To do: Please give back each line of the material unchanged, but without the images.

Exercise data:
───
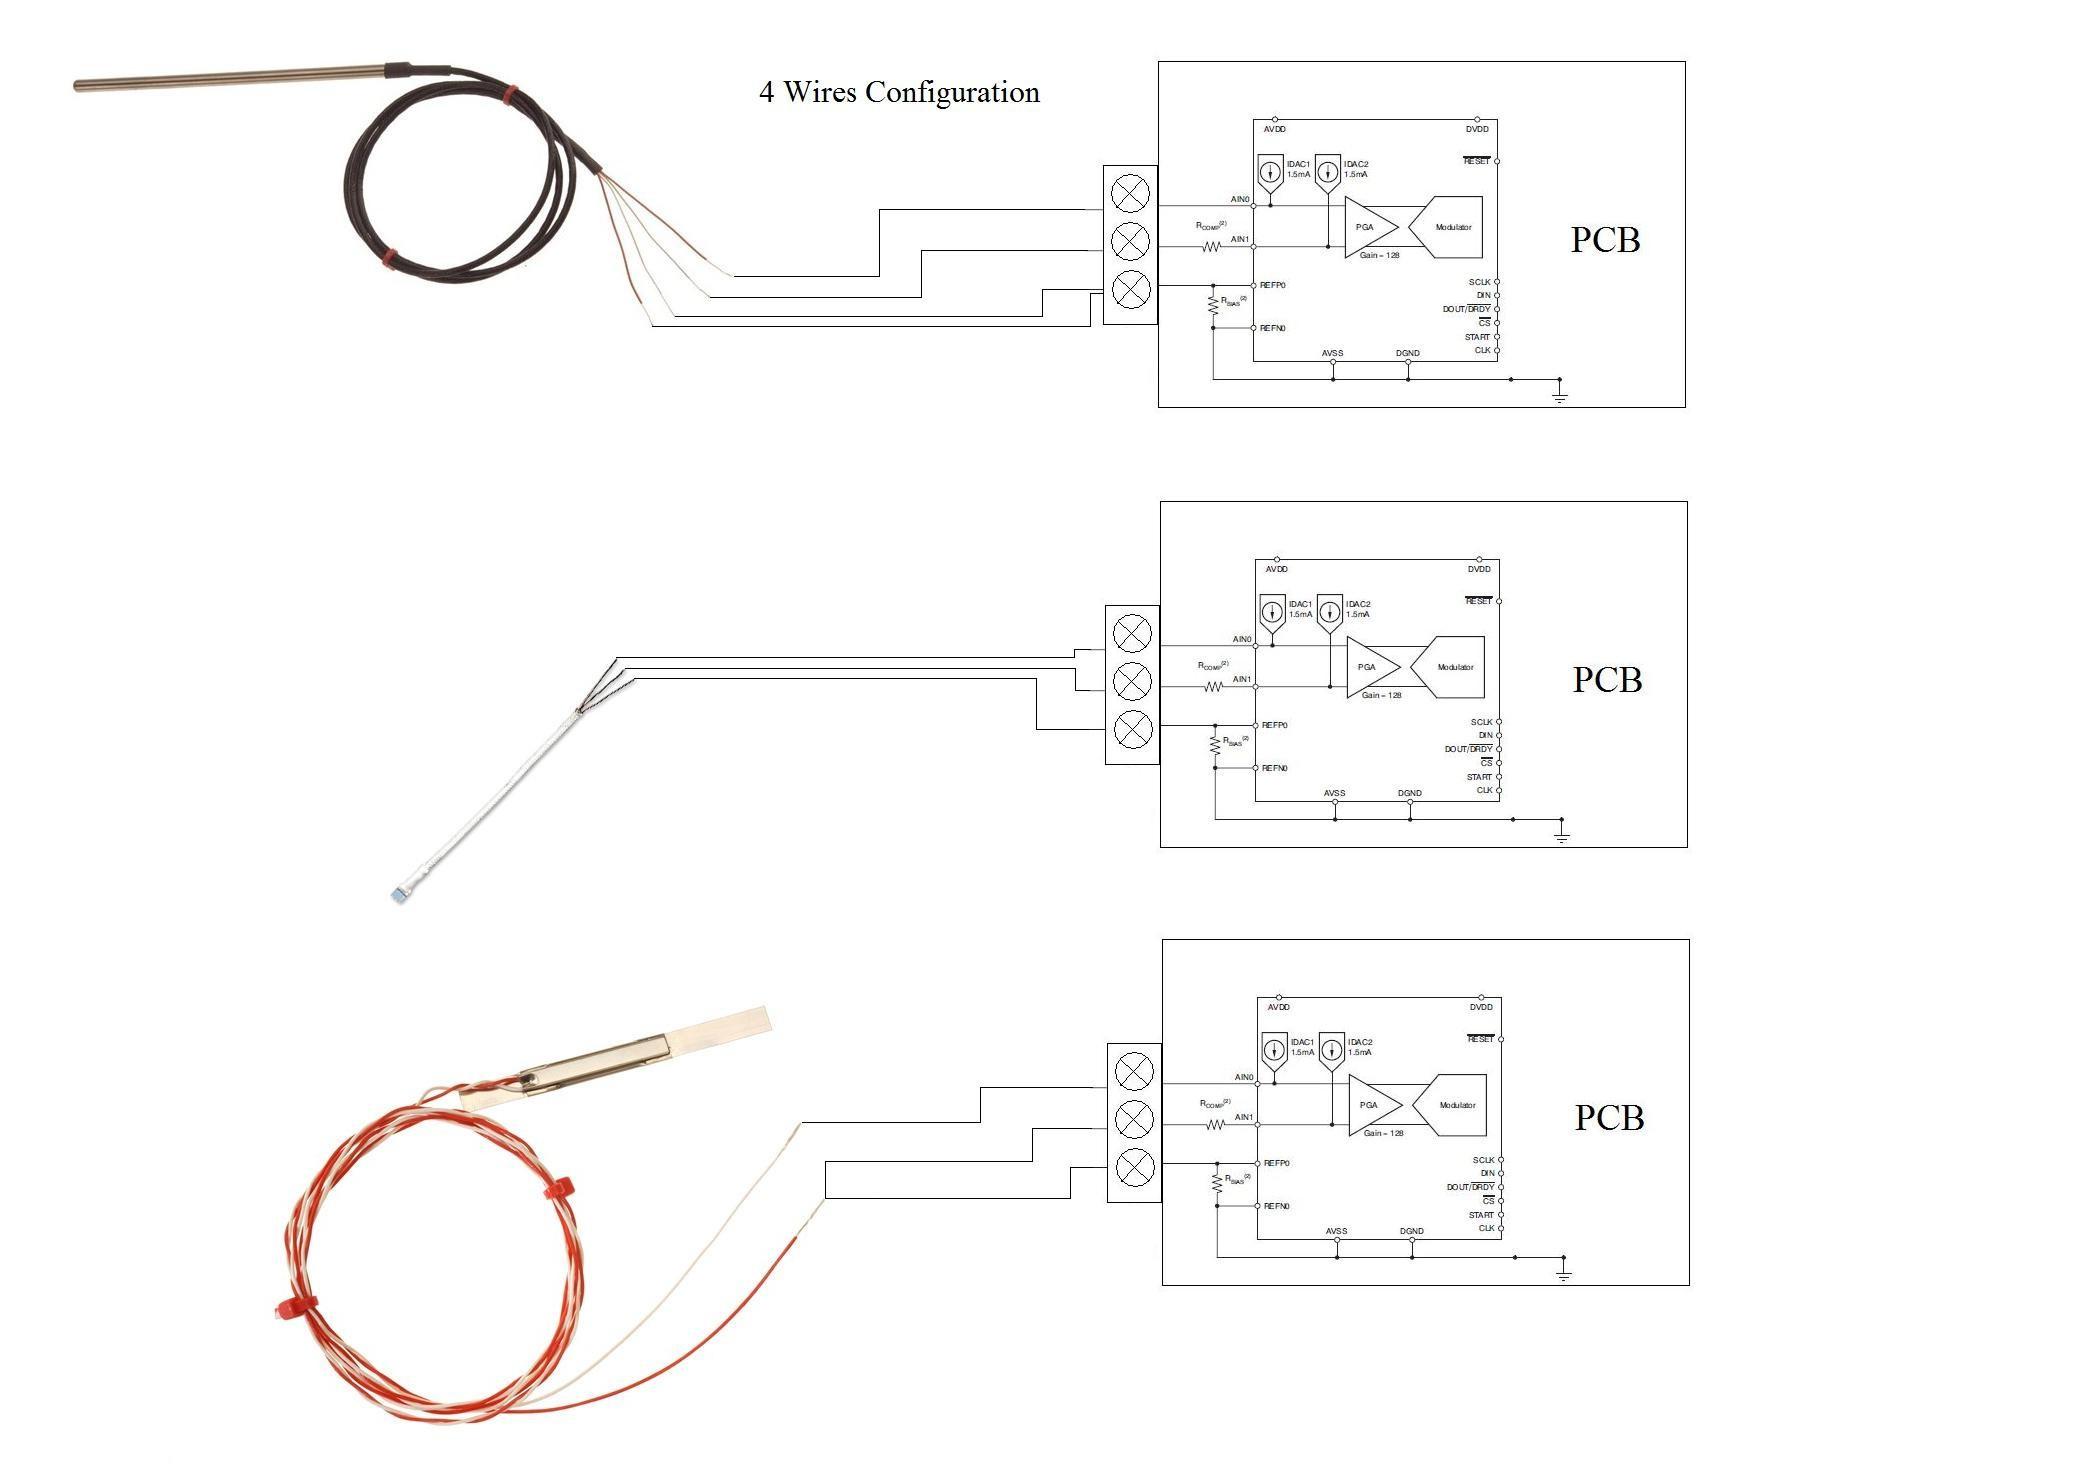 4 Wire Rtd Wiring Diagram 4 Wire Rtd Wiring Diagram Best 3 Wire Rtd Wiring Diagram Sample Pdf Of 4 Wire Rtd Wiring Diagram
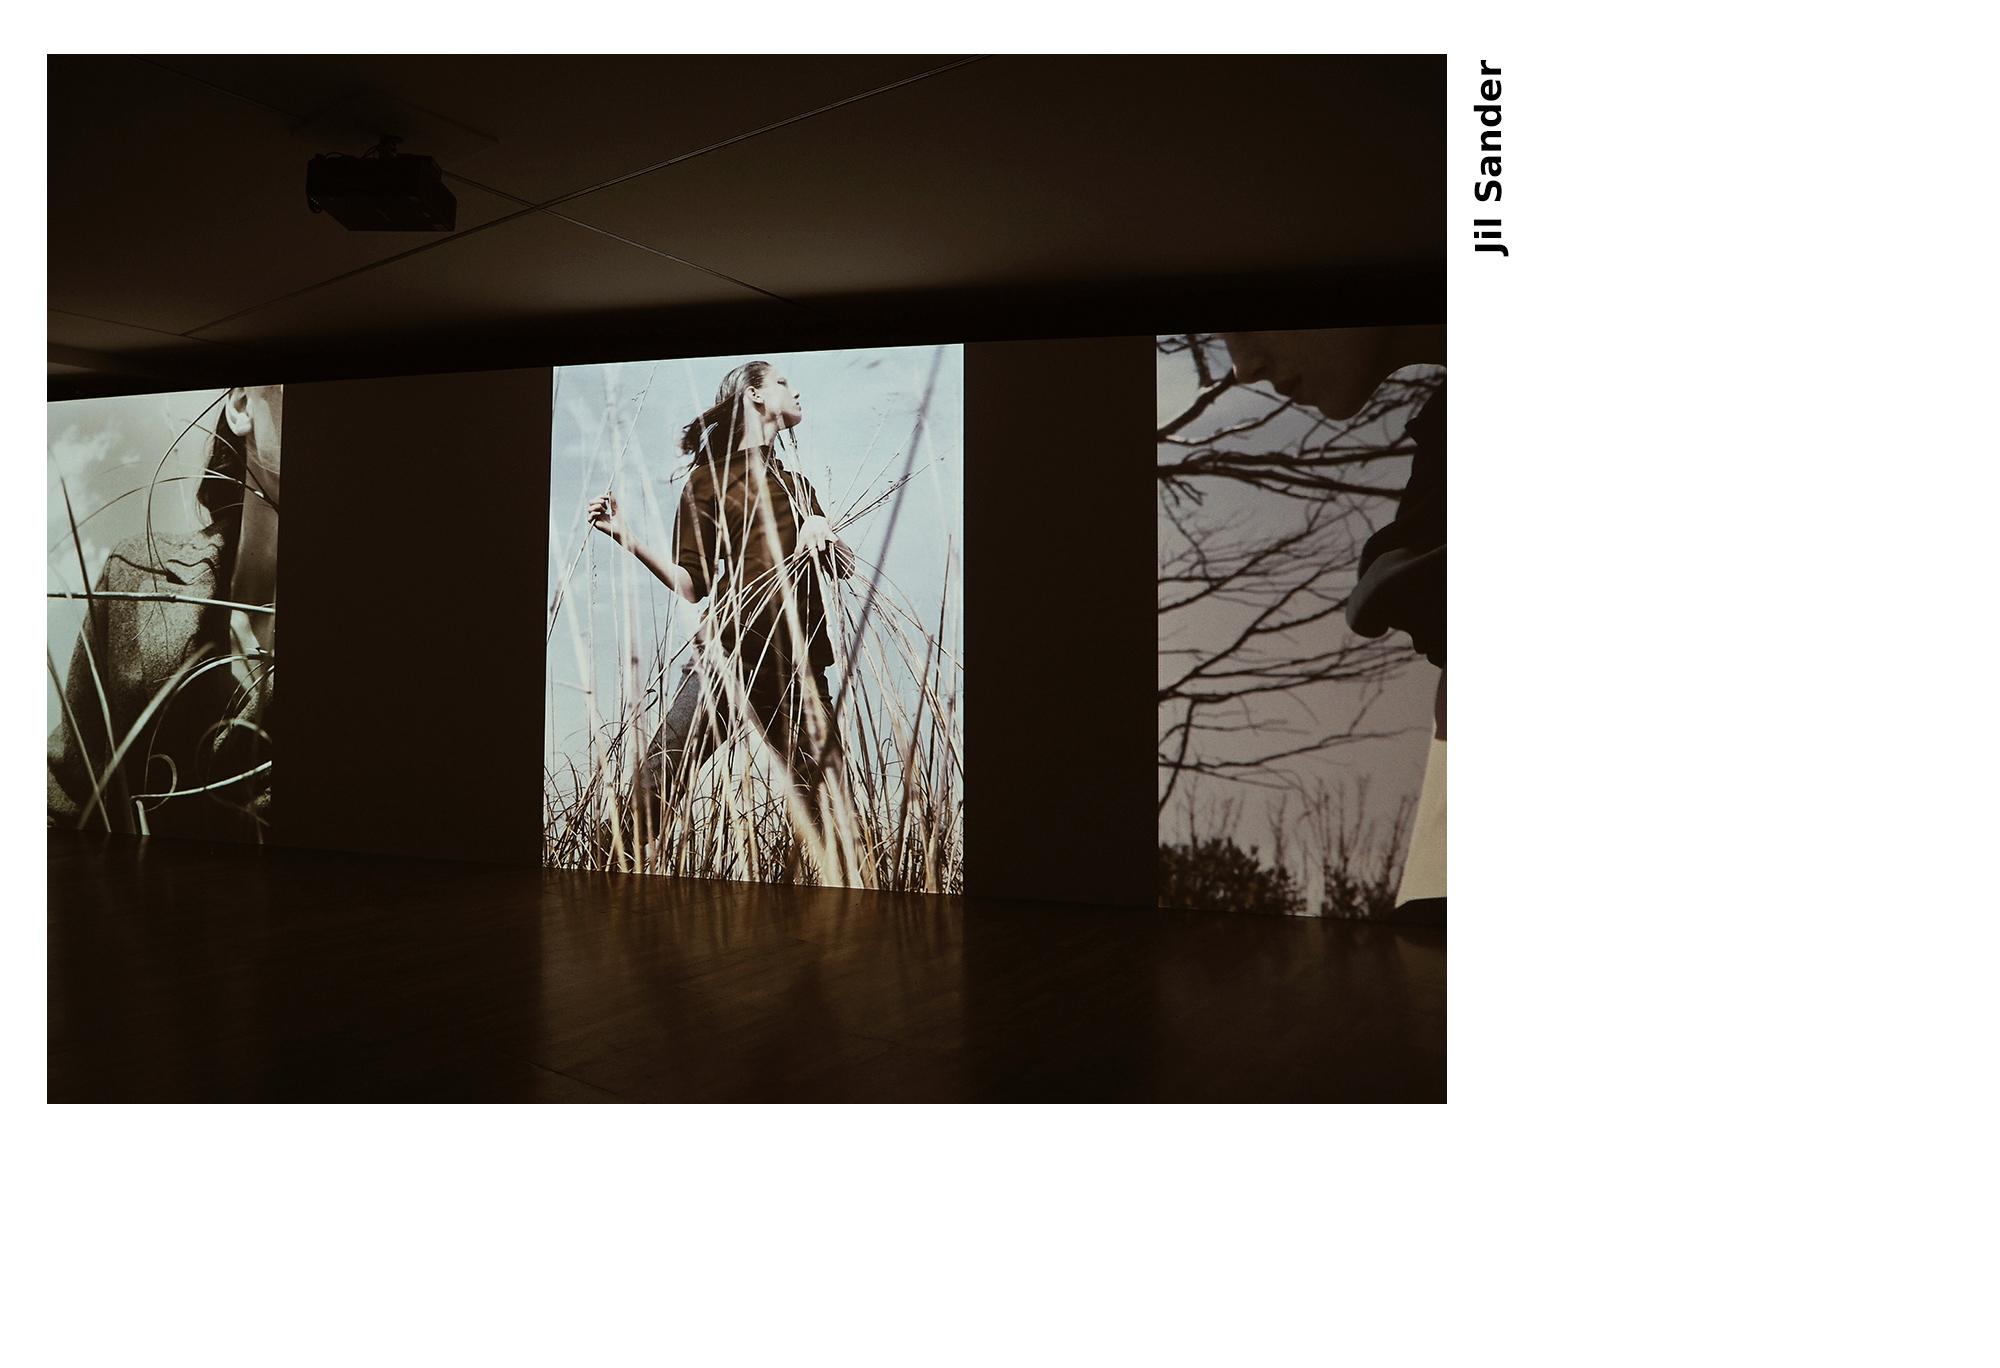 jil-sander-prasens-ausstellung-exhibition-museum-angewandte-kunst-frankfurt-julia-carevic
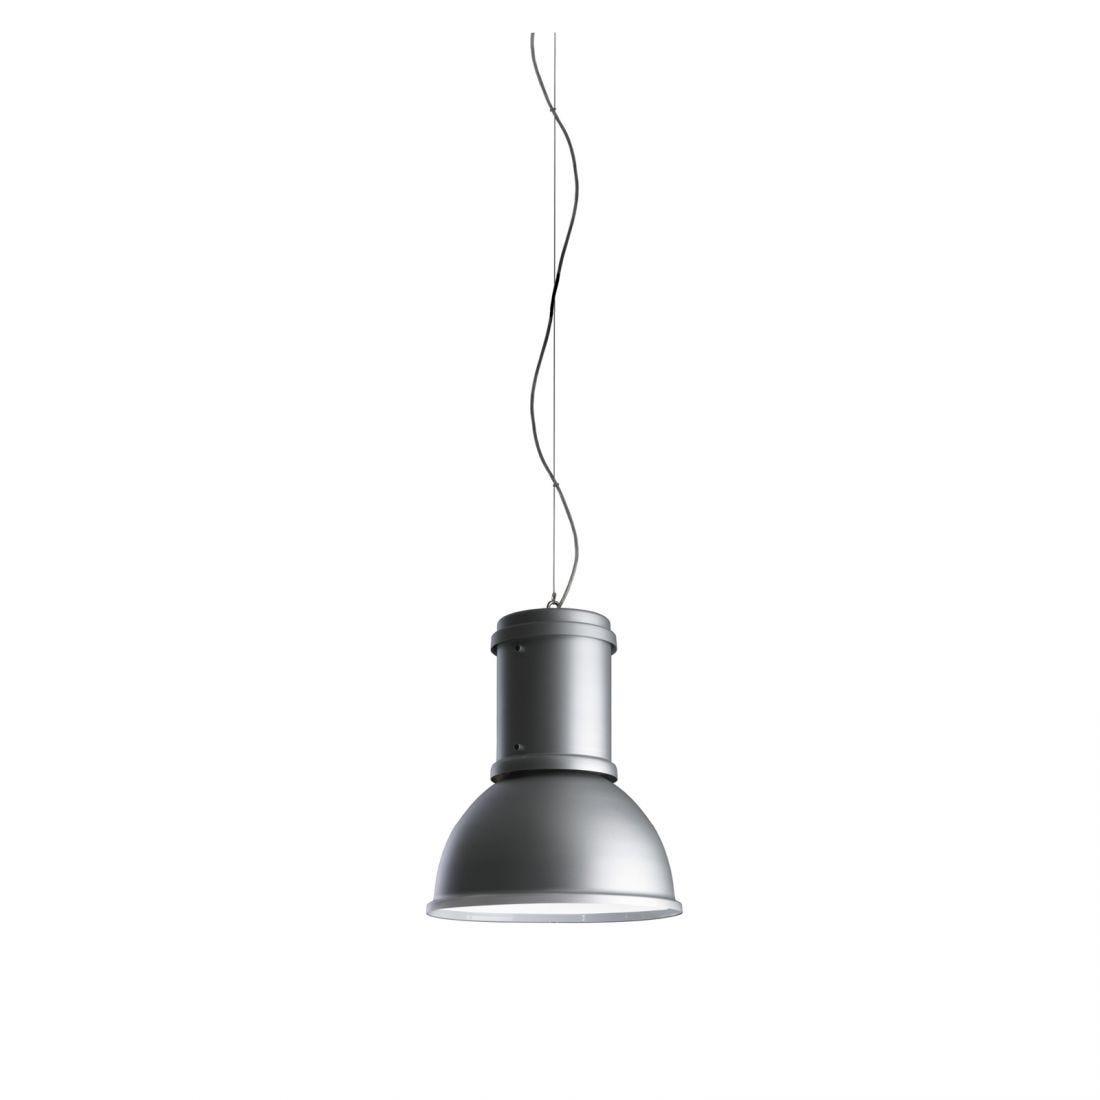 Fontana Arte Lampara Small Hanglamp
───
Output of the exercise:
 4 Wire Rtd Wiring Diagram 4 Wire Rtd Wiring Diagram Best 3 Wire Rtd Wiring Diagram Sample Pdf Of 4 Wire Rtd Wiring Diagram
 jil-sander-prasens-ausstellung-exhibition-museum-angewandte-kunst-frankfurt-julia-carevic
 Fontana Arte Lampara Small Hanglamp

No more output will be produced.